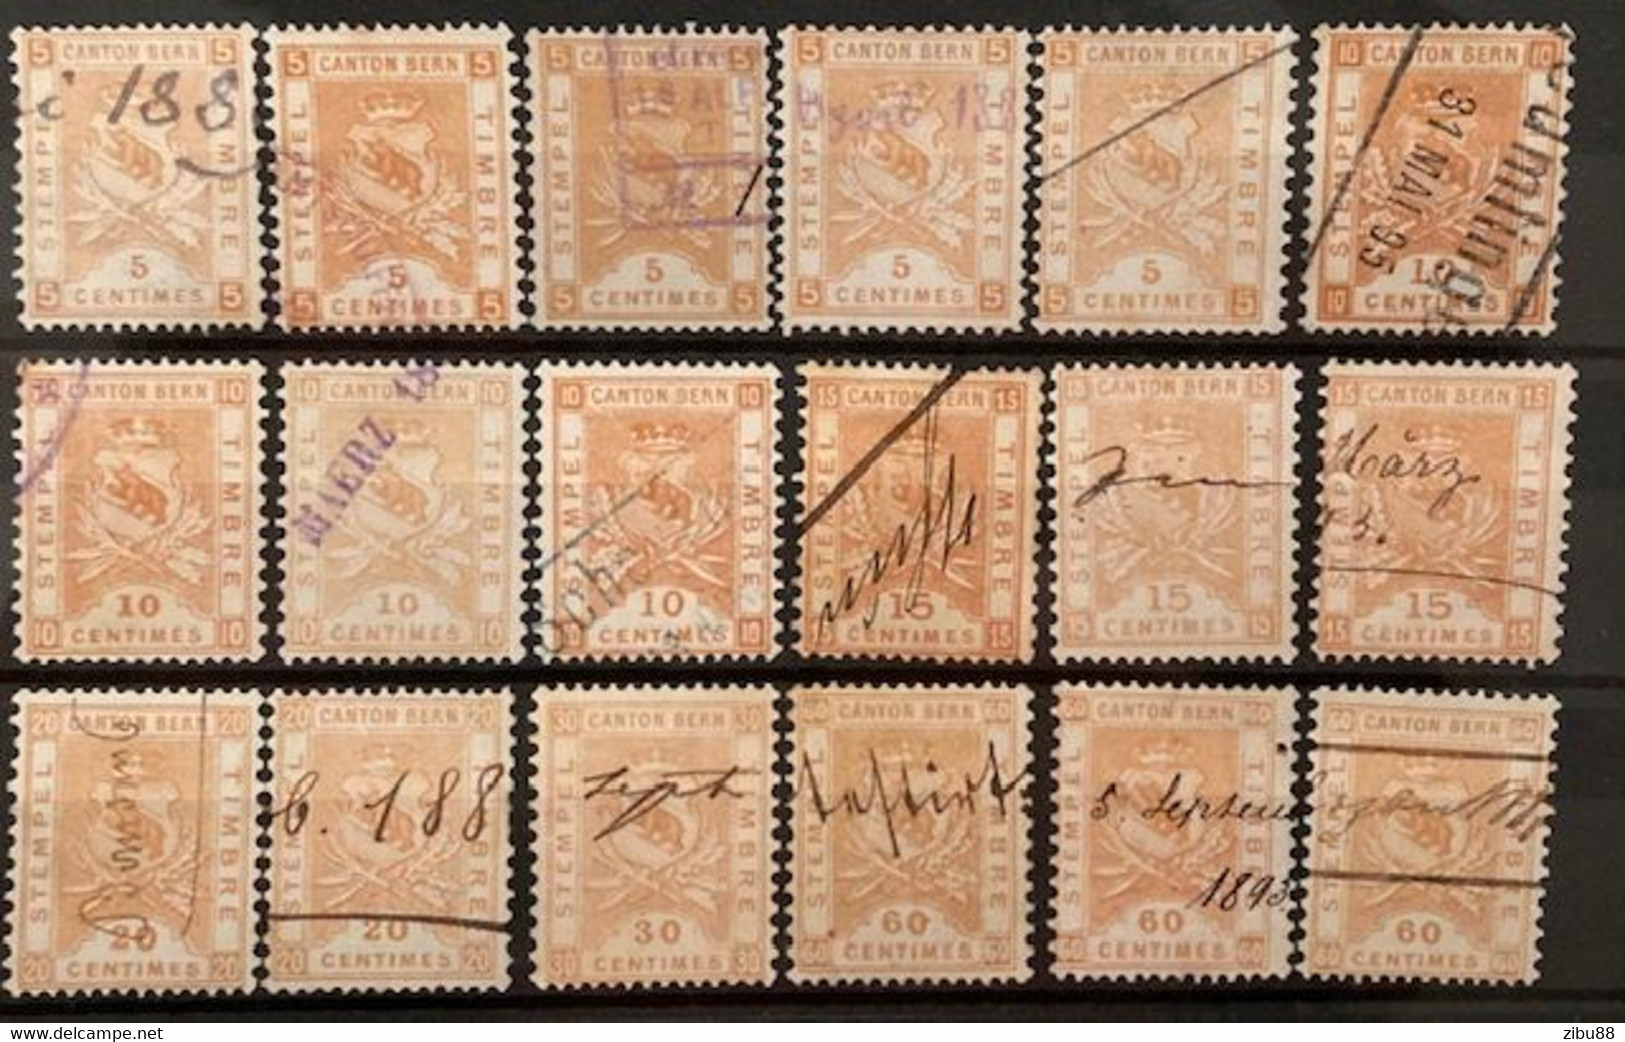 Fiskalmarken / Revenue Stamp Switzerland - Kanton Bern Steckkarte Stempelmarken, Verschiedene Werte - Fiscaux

--

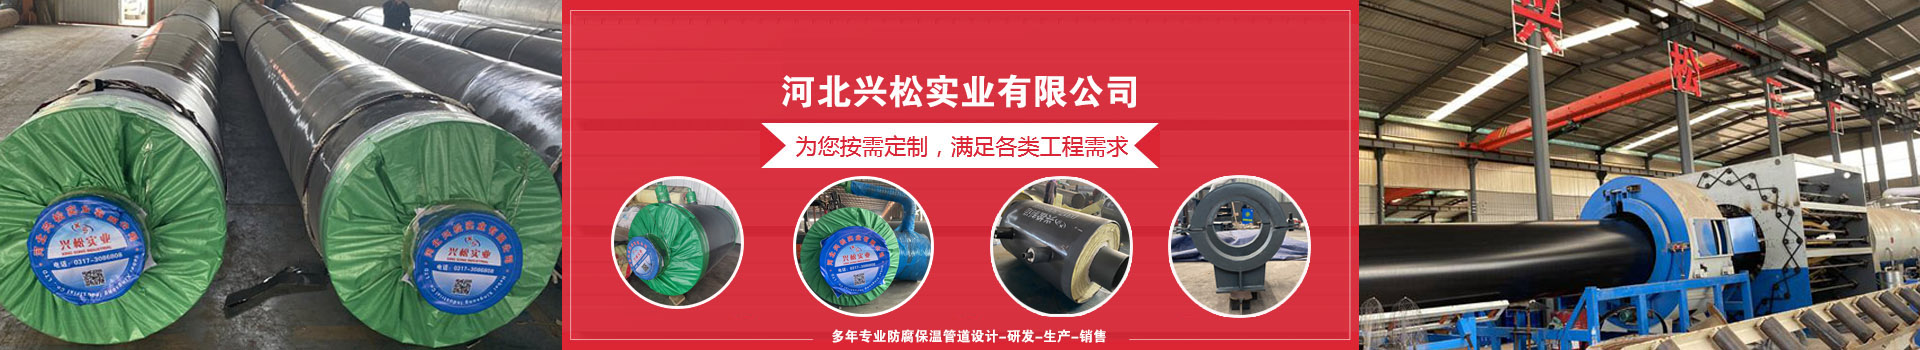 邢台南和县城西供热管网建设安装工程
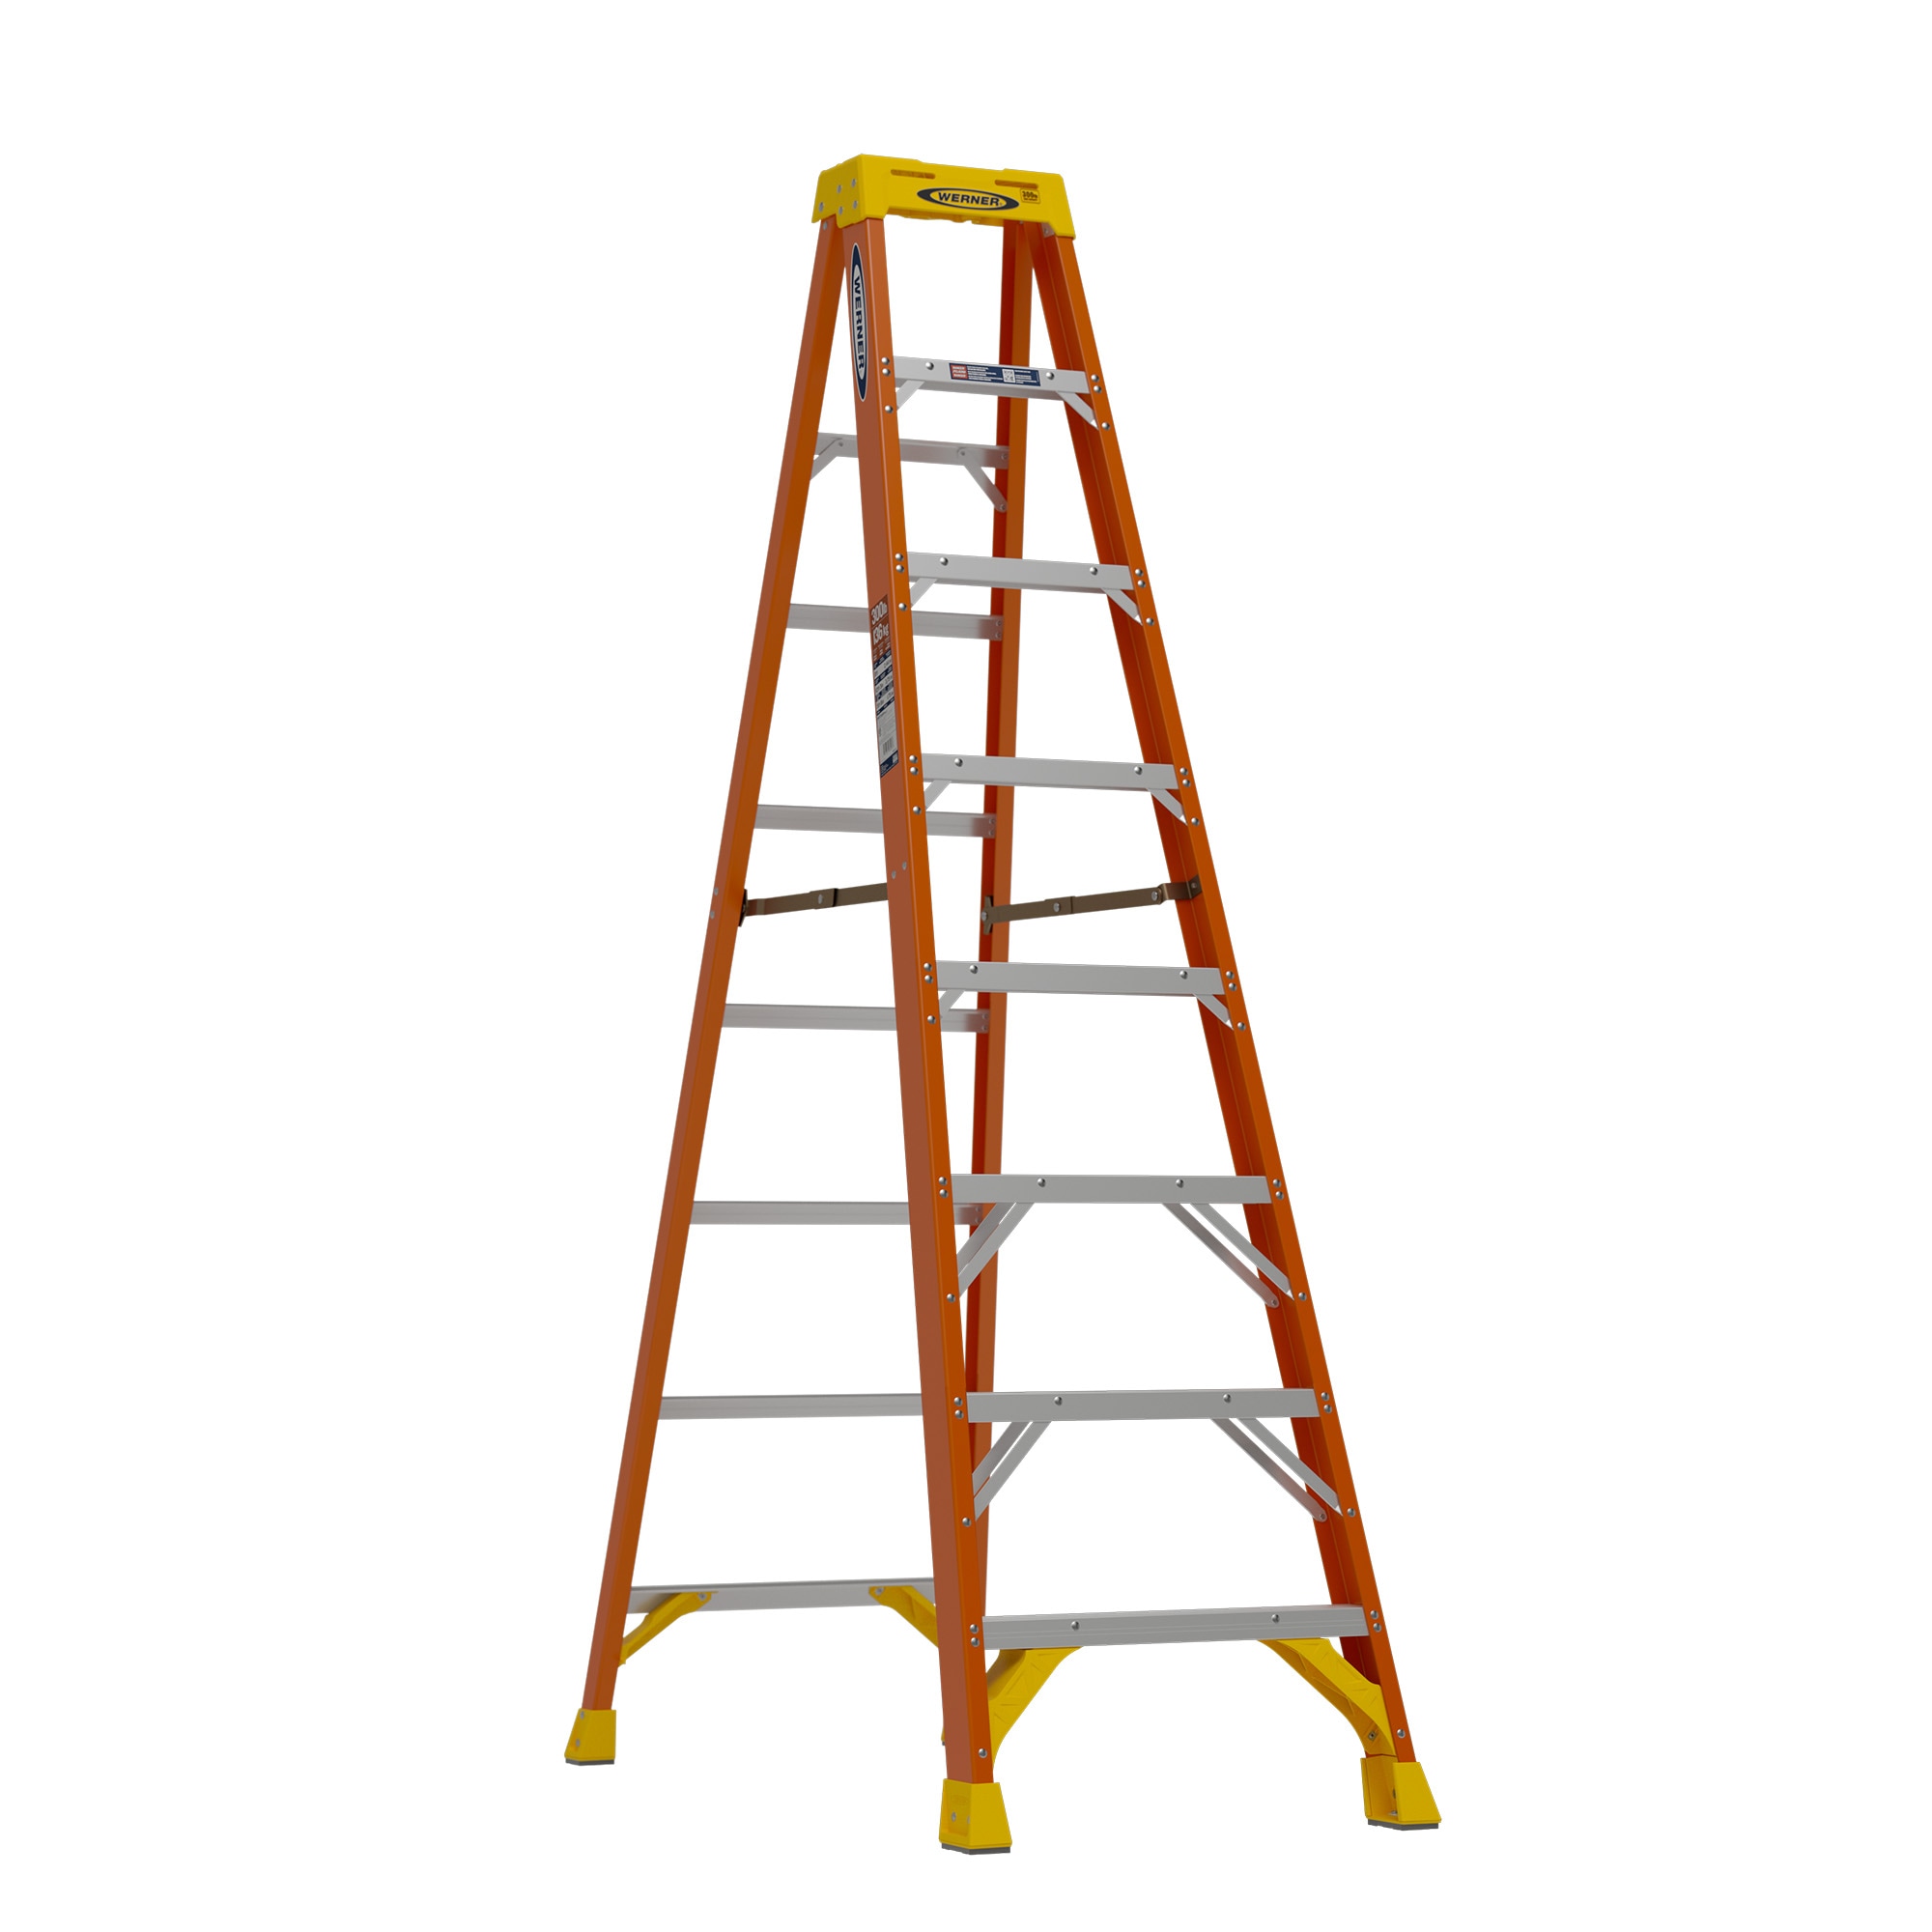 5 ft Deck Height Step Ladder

---

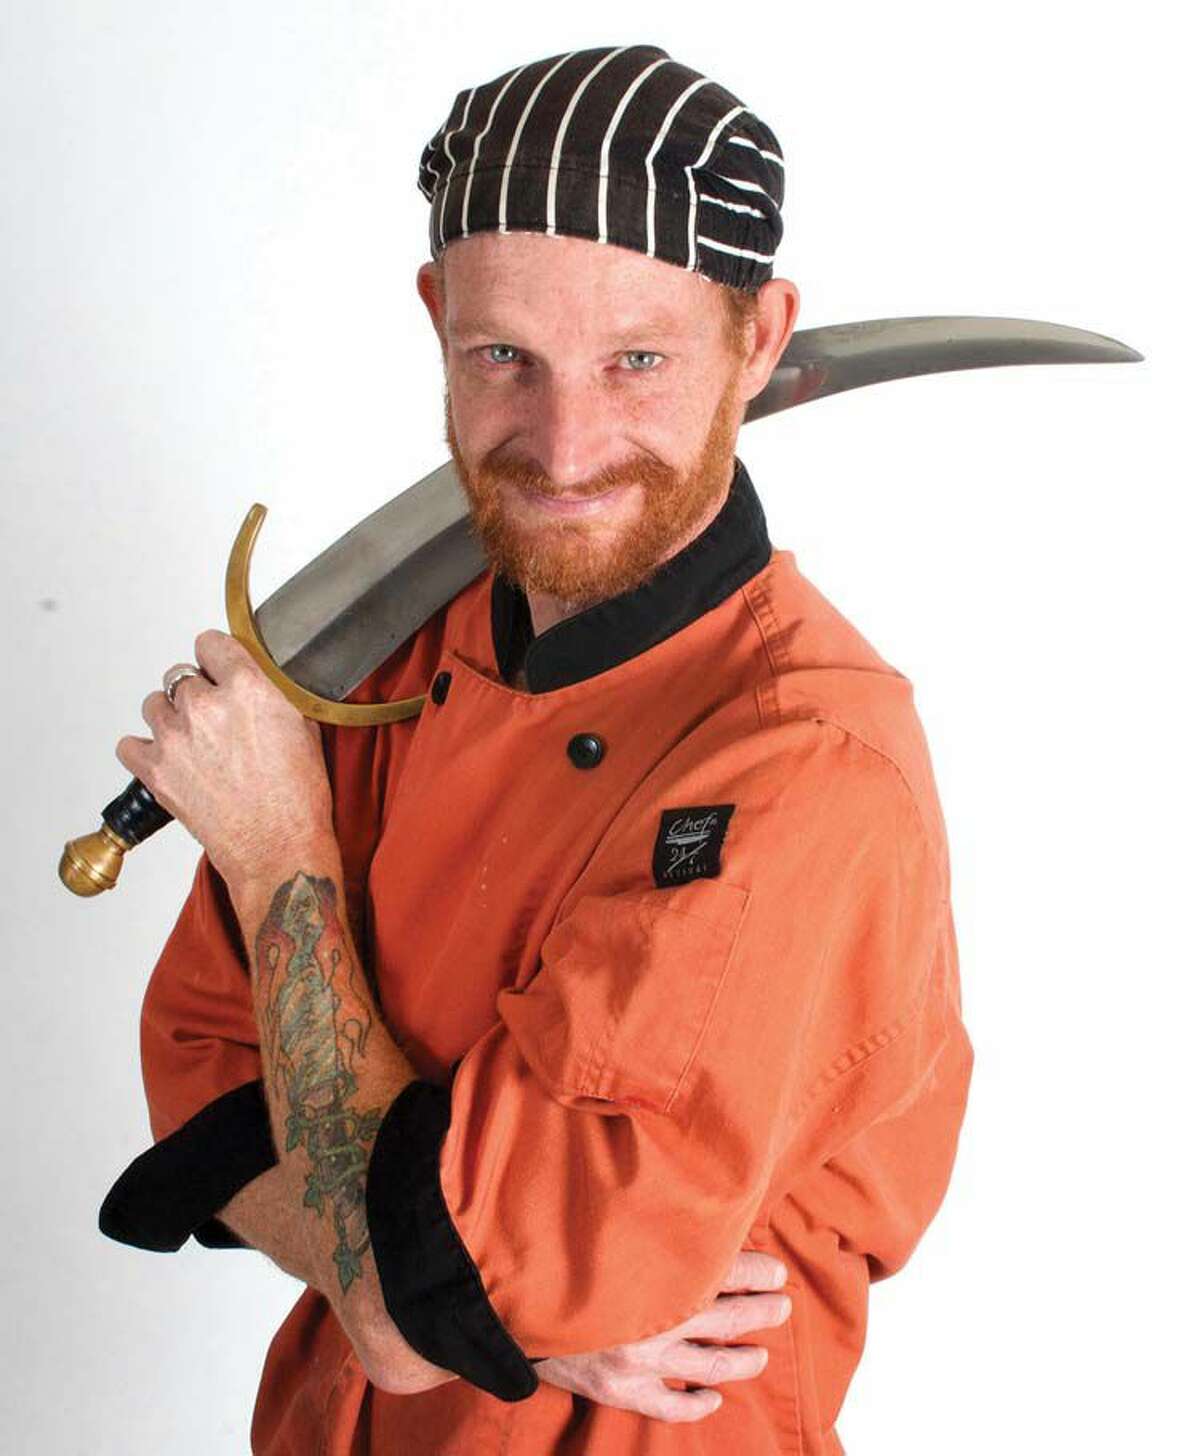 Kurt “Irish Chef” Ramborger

Task prompt:
Leaving pictures out, output the lines of the data above from the one with "邢台南和县城西供热管网建设安装工程" through the one with "5 ft Deck Height Step Ladder", word for word.

Finished task:
 邢台南和县城西供热管网建设安装工程
 5 ft Deck Height Step Ladder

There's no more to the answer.